WHAT THE EXERCISE ASKS – When you reach the line containing "Underwater louro bonito", begin copying exactly, and keep going through the last line of the records below, copying nothing before it.

SOURCE MATERIAL –

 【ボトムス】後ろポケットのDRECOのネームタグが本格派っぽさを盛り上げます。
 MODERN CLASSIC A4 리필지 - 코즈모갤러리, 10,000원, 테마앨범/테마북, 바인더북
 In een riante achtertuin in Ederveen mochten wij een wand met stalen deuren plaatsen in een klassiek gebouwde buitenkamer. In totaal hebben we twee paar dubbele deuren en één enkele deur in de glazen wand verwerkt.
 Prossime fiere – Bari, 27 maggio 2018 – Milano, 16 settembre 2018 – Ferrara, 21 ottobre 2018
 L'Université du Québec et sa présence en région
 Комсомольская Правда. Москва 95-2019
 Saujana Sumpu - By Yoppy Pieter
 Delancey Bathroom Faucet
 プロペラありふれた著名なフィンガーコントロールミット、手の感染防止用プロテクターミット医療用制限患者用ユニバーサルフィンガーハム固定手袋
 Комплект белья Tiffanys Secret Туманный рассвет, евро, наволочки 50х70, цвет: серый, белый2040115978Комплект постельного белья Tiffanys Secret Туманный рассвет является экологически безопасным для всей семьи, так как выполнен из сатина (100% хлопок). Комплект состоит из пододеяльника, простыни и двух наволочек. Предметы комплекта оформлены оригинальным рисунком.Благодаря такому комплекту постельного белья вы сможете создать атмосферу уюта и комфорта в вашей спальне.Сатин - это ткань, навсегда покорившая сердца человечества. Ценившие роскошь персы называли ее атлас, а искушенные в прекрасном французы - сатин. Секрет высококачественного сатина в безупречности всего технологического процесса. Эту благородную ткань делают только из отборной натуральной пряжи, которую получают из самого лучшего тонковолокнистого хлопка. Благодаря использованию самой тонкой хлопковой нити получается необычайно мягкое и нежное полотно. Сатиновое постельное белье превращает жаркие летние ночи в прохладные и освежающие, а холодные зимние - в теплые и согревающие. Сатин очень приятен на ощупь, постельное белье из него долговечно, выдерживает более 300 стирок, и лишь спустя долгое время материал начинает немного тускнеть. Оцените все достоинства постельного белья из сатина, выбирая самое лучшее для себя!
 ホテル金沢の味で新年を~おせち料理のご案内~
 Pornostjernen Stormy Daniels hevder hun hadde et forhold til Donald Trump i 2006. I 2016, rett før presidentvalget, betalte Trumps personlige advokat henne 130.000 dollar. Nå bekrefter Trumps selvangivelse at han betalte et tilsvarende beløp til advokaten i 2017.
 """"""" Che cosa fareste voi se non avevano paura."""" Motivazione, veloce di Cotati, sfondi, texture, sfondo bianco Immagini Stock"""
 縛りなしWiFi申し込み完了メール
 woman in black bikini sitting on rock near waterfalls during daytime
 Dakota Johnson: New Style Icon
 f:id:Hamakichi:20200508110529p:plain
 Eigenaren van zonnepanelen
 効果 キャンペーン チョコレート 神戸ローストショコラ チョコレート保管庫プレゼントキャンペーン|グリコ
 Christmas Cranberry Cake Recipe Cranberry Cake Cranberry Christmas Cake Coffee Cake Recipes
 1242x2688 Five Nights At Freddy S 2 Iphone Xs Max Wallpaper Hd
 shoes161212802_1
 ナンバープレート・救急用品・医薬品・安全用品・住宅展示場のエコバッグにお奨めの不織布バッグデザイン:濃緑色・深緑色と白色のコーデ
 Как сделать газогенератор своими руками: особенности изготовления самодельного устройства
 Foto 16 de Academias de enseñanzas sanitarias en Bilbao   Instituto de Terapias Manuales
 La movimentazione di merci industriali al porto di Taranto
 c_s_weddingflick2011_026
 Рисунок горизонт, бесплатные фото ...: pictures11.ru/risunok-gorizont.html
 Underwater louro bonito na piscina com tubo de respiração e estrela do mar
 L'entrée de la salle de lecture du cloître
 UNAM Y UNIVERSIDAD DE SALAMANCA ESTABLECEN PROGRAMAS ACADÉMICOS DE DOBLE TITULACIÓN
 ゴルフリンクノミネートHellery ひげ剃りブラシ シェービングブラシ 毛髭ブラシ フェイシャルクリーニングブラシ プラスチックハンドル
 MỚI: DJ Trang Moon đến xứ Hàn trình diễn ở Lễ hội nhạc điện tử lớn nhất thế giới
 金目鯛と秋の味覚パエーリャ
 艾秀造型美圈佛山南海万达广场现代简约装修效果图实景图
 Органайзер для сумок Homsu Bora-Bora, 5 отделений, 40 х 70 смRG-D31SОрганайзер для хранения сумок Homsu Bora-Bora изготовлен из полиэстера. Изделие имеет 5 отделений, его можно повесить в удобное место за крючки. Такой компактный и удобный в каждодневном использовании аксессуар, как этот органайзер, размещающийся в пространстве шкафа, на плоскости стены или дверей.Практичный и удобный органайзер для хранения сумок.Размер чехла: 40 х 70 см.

SOLUTION TO THE EXERCISE –
 Underwater louro bonito na piscina com tubo de respiração e estrela do mar
 L'entrée de la salle de lecture du cloître
 UNAM Y UNIVERSIDAD DE SALAMANCA ESTABLECEN PROGRAMAS ACADÉMICOS DE DOBLE TITULACIÓN
 ゴルフリンクノミネートHellery ひげ剃りブラシ シェービングブラシ 毛髭ブラシ フェイシャルクリーニングブラシ プラスチックハンドル
 MỚI: DJ Trang Moon đến xứ Hàn trình diễn ở Lễ hội nhạc điện tử lớn nhất thế giới
 金目鯛と秋の味覚パエーリャ
 艾秀造型美圈佛山南海万达广场现代简约装修效果图实景图
 Органайзер для сумок Homsu Bora-Bora, 5 отделений, 40 х 70 смRG-D31SОрганайзер для хранения сумок Homsu Bora-Bora изготовлен из полиэстера. Изделие имеет 5 отделений, его можно повесить в удобное место за крючки. Такой компактный и удобный в каждодневном использовании аксессуар, как этот органайзер, размещающийся в пространстве шкафа, на плоскости стены или дверей.Практичный и удобный органайзер для хранения сумок.Размер чехла: 40 х 70 см.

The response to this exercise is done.